Анри Труайя - Крушение
— А как ты нашла Франсуазу? — спросил Жан-Марк.
— Я совершенно удручена! — ответила Мадлен. — Мысль о том, что она отказывается разводиться, выбивает меня из колеи! Если она когда-нибудь решит поговорить с тобой об этом…
— Она уже со мной говорила, и с Николя тоже, и с Даниэлем! Я попытался переубедить ее, но она ответила мне, видимо, то же, что сказала сегодня тебе. Поразительнее всего спокойствие, с которым она относится к столь ложной ситуации: намерена оставаться женой человека, который ее больше не хочет! Это не в ее характере! Разве что ей кажется, что наивысшее проявление гордости — всегда быть выше мнения остальных, даже если они над тобой смеются!

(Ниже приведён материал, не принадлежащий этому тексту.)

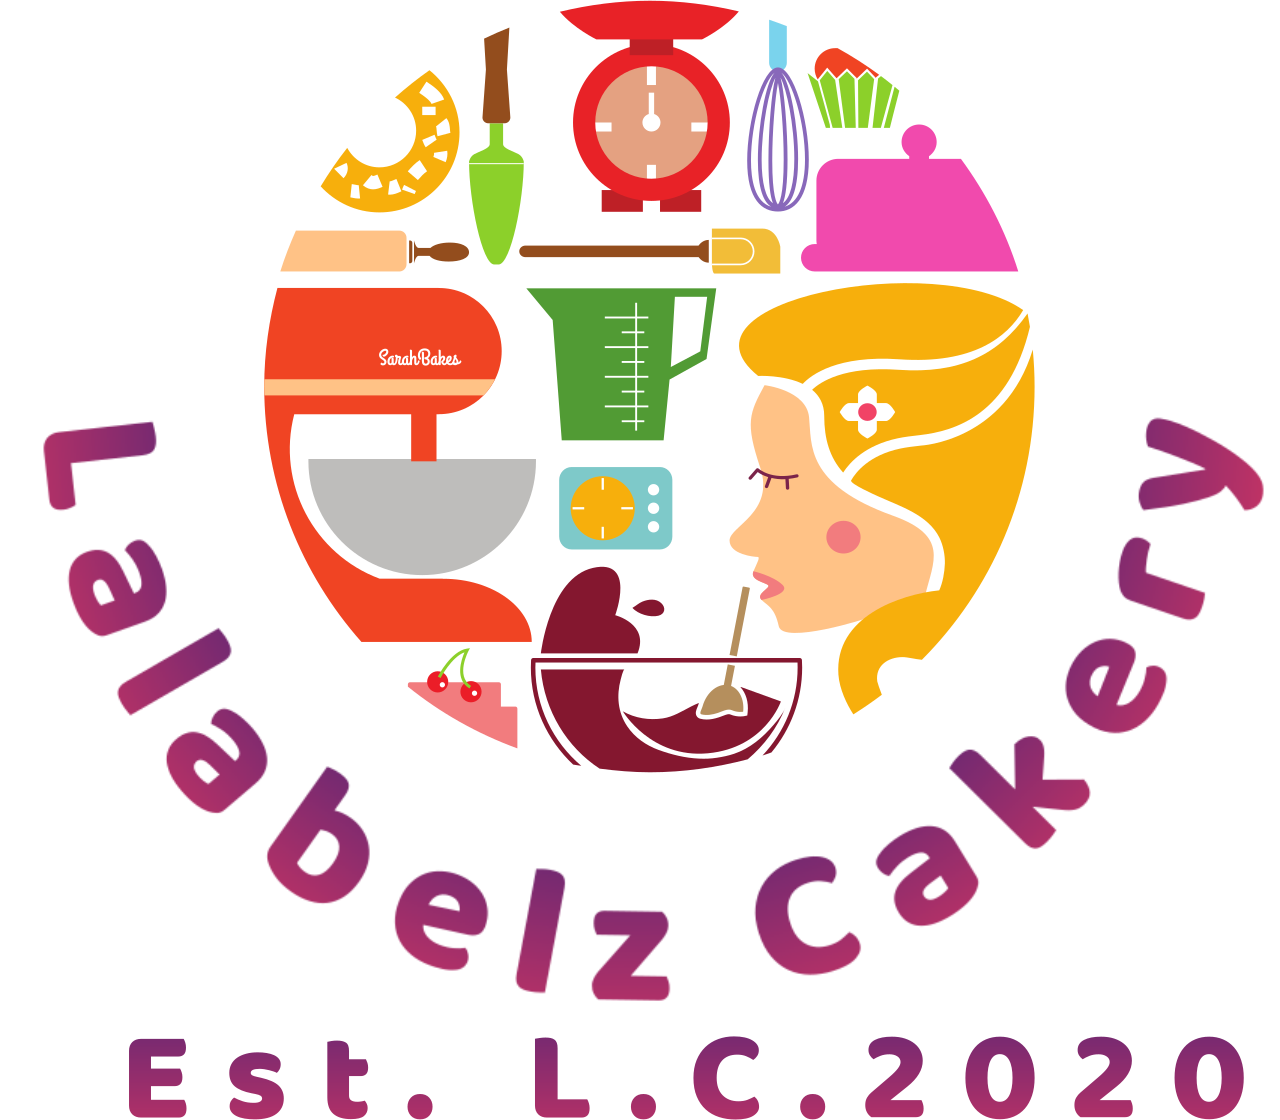 Lalabelz Cakery's web page

Мадлен подумала, что, говоря это, Жан-Марк, возможно, имеет в виду себя и Валери. Размышляя о возможных последствиях будущего брака, он наверняка изыскивает любые доводы, способные успокоить его душу. Он демонстрировал сейчас позицию человека, который уже принял решение, и выглядел совершенно потухшим. Они обедали вдвоем в маленьком ресторанчике на рю Канетт, знаменитом итальянскими деликатесами.
— Нужно оставить ее в покое, — продолжил Жан-Марк, — и надеяться, что в конце концов она одумается!
— Да-да, — нехотя согласилась Мадлен. — Боюсь, однако, что она ждет его возвращения…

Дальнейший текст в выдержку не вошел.